Alleles are reported in alphabetical order with respect to the positive strand of build 37 of the human genome. The effect is the change per copy of the second allele on a four-point scale of increasing motion sickness. Frequency is the frequency of the alphabetically second allele in the cohort. Quality is imputation r2 for imputed SNPs, call rate for genotyped SNPs. Gene is a proposed candidate gene in the region.

aGenotyped SNPs.

A few associated SNPs are in regions implicated in eye and ear development or balance. For example, our most significant association is with rs66800491 (P = 4.2 × 10−44), located roughly 1 Mb upstream of PVRL3, which encodes the cell adhesion protein Nectin-3. Loss of PVRL3 expression in both humans and mice results in ocular defects (19). The SNP rs10514168 (P = 2.7 × 10−9) is located downstream of TSHZ1, a gene involved in inner ear development in the mouse (20). Another association is with rs2153535 (P = 2.7 × 10−18), located upstream of MUTED, which is implicated in balance (21). Three additional associated SNPs are near genes with major roles in early development: rs2551802 (P = 2 × 10−12) between HOXD3 and HOXD4; rs9906289 (P = 6.4 × 10−11) in HOXB3; and rs149951341 (P = 3.4 × 10−12) near TLE4. The HOXD SNP is in linkage disequilibrium (LD) (r2 ≈ 0.9) with rs2072590, which is associated with ovarian cancer (22).

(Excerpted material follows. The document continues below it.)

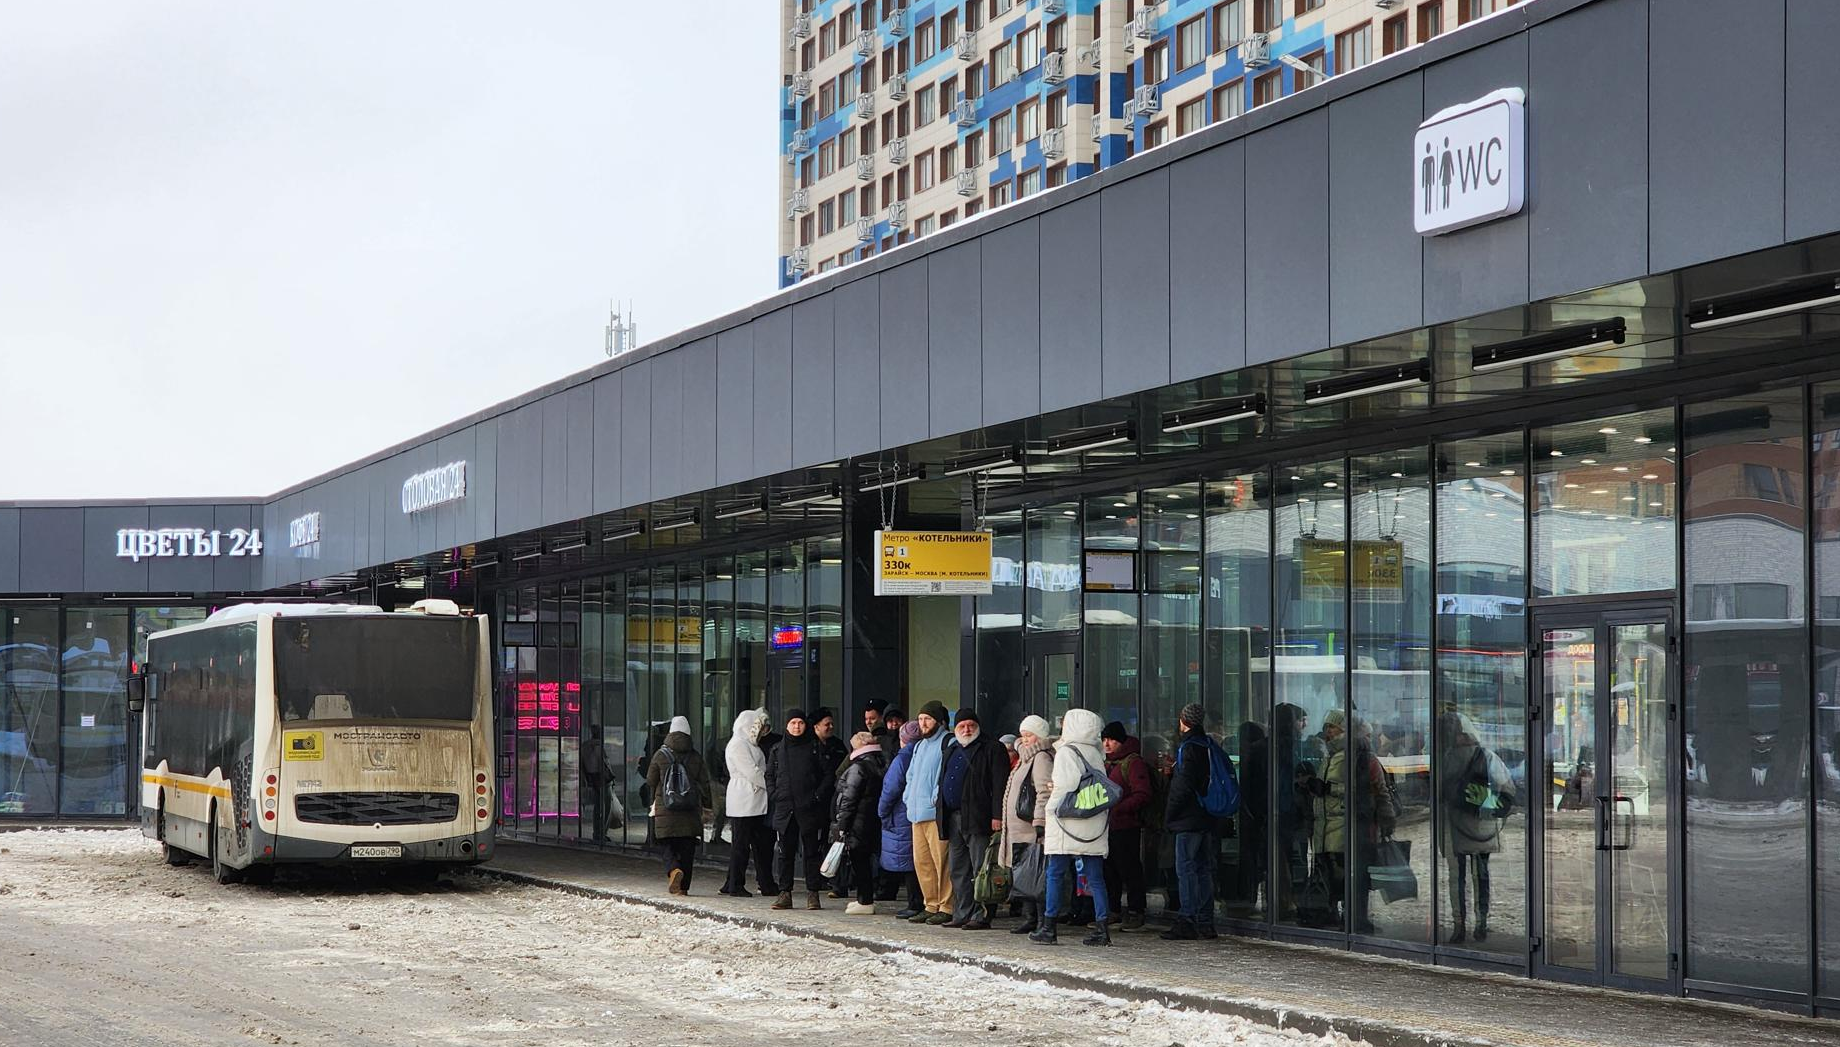 Комфортно и тепло: Люберчане могут подождать автобус в новом павильоне

Several other associated SNPs are located near genes involved in neurological processes including synapse development and function: rs11713169 (P = 5.9 × 10−13) in NLGN1 encoding neuroligin; rs6069325 (P = 7.2 × 10−21) upstream of CBLN4 encoding a member of the cerebellin precursor protein family; rs62018380 (P = 1.7 × 10−9) downstream of MCTP2, a gene involved in intercellular signal transduction and synapse function; rs7957589 in PDZRN4 (P = 7.9 × 10−10) near CNTN1 (contactin 1), which plays a role in axon guidance during neural development (23); and two independent SNPs, rs4343996 and rs34912216 (P = 8.7 × 10−11 and 2.7 × 10−8, respectively) in SDK1 encoding sidekick-1, a cell adhesion molecule that localizes to synapses. The SNP rs2150864 (P = 6.3 × 10−15) is located ∼1.5 Mb upstream of LINGO2, a gene implicated in essential tremor (24). Additional associated SNPs in or near genes in neurological pathways include: rs9834560 (P = 9.7 × 10−15) in CPNE4 encoding copine-4, and two independent SNPS in or near AUTS2 (rs1195218 and rs6946969 (P = 4.5 × 10−22 and 1.9 × 10−9, respectively).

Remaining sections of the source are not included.